然後將 評論情緒評分(10項) 和 評論內容評分(194項) 依 商業類別(508類) 平均起來，分別放在：

sx [508 x 10] : 10 Average Sentiment Scores per business category
wx [508 x 194] : 194 Average Class Weights per business category

這兩個矩陣裡面。

# Avg. Sentiment Scores by Category [508 x 194]
sx = apply(mxBC,2,function(v){
  i = review$bid %in% rownames(mxBC)[v]
  colMeans(senti[i,]) }) %>% t
dim(sx)

[1] 508  10

# Avg. Class Weights by Category    [508 x 194]
wx = apply(mxBC,2,function(v){
  i = review$bid %in% rownames(mxBC)[v]
  colMeans(scores[i,]) }) %>% t
dim(wx)

[1] 508 194

2. 主成份分析

先對情緒矩陣(sx)做主成份分析

ncp=10  # number of components to keep
pcx = PCA(sx,ncp=ncp,graph=F) 
barplot(pcx$eig[1:ncp,3],names=1:ncp,main="Accumulated Variance",
        xlab="No. Components", ylab="% of Variance")
abline(h=seq(0,100,10),col='lightgray')

跟據上圖，前兩個主成份就涵蓋了將近80%的變異量。
但是當我們想要將商業類別標示在前兩個主成份的平面上的時候 …

fviz_pca_biplot(pcx)

由於類別太多(共508類)，大部分的類別都幾乎無法辨識。

3. 資料視覺化

近兩年來R的畫圖套件幾乎都具備了輸出互動網頁的能力，以下我們先寫一個helper function，來幫助我們檢視主成份分析的結果。

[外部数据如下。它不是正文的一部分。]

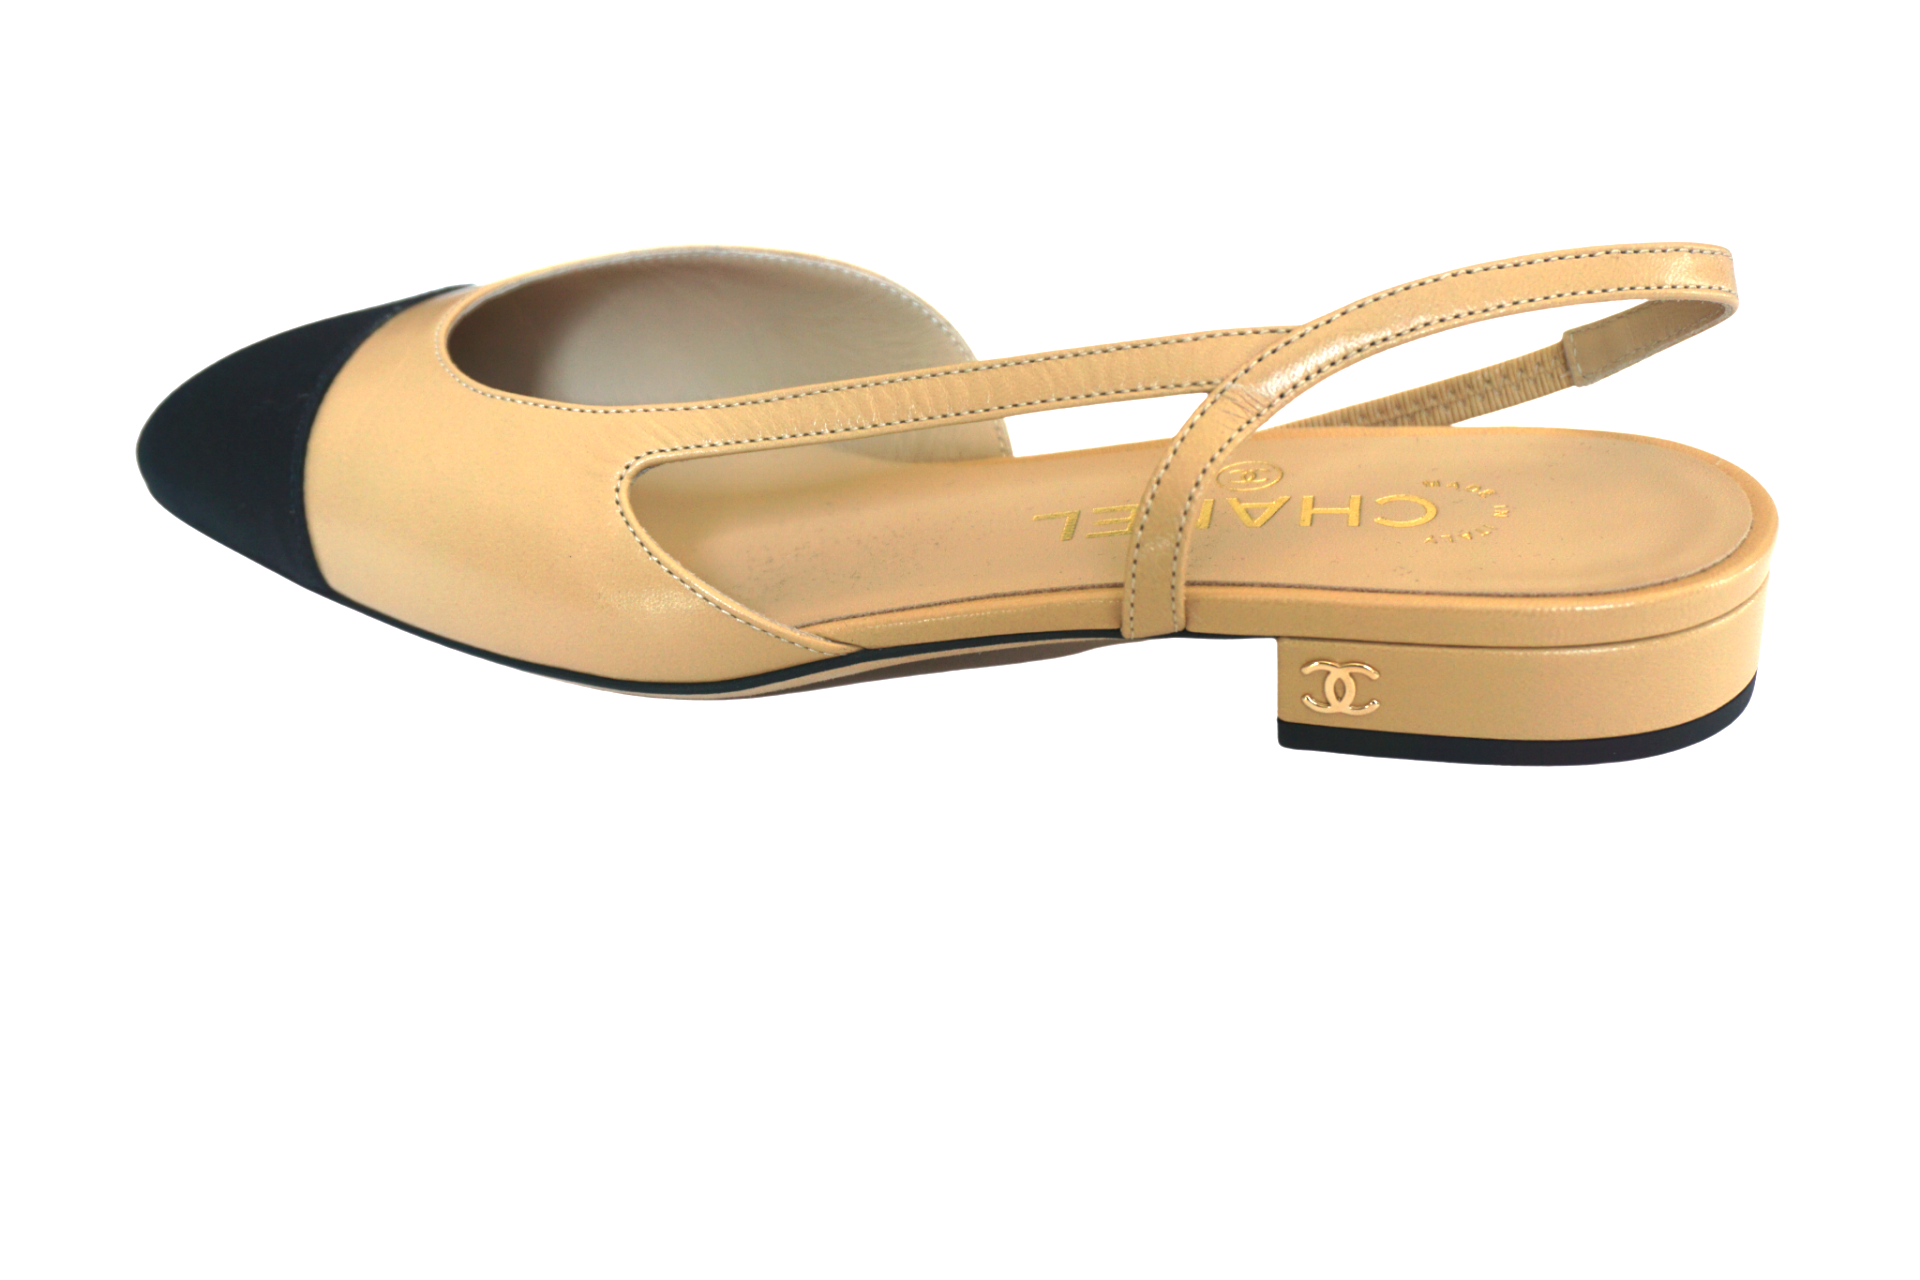 Chanel - Strappy Sandal Open Toe Heels - Satin Beige Black - CC

# a helper function that generates Interactive PCA charts
bipcx = function(pcx, d1, d2, nvar, nobs, t1="", t2="",
                 main="Principle Component Anaylysis", 
                 obs='obs.', col.o='gold', ratio=0.7) {
  dfvar = pcx$var$coord %>% 
    {data.frame(name=rownames(.),x=.[,d1],y=.[,d2] )}
  dfvar = head(dfvar[order(-rowSums(pcx$var$cos2[,c(d1,d2)])),], nvar)
  dfobs = pcx$ind$coord %>% 
    {data.frame(name=rownames(.),x=.[,d1],y=.[,d2])}
  dfobs = head(dfobs[order(-rowSums(pcx$ind$cos2[,c(d1,d2)])),], nobs)
  dfvar[-1] = ratio*dfvar[-1]*max(abs(dfobs[,-1]))/max(abs(dfvar[-1])) 
  lsvar = dfvar %>% group_by_("name") %>%
    do(data = list(c(0, 0), c(.$x, .$y))) %>% list_parse()
  highchart() %>%
    hc_colors(substr(Set3, 0, 7)) %>% 
    hc_plotOptions( 
      line = list(
        marker=list(enabled=F),
        tooltip=list(pointFormat="{series.name}")),
      scatter = list(marker=list(radius=4, symbol="circle"))
      ) %>%
    hc_tooltip(headerFormat = "",valueDecimals=1,borderWidth=2) %>%
    hc_add_series_list(lsvar) %>%
    hc_add_series(data = list_parse(dfobs), 
      name = obs, type = "scatter", color = hex_to_rgba(col.o, 0.65),
      tooltip = list(headerFormat="",pointFormat="{point.name}")) %>%
    hc_chart(zoomType = "xy") %>%
    hc_add_theme(hc_theme_flatdark()) %>% 
    hc_title(text=main) %>% 
    hc_xAxis(title=list(
      text=sprintf("dim%d(%.2f%%) %s",d1,pcx$eig[d1,2],t1),
      style=list(color="white")))%>% 
    hc_yAxis(title=list(
      text=sprintf("dim%d(%.2f%%) %s",d2,pcx$eig[d2,2],t2),
      style=list(color="white"))) %>% 
    hc_legend(align="right", verticalAlign="top",layout="vertical")
  }

4. 情緒矩陣的主成份分析

使用上面bipcx()這個function，我們可以清楚的看到商業類別(由於後面的商業類別評論數不多，我們只畫前300個類別)在第一、二主成份 …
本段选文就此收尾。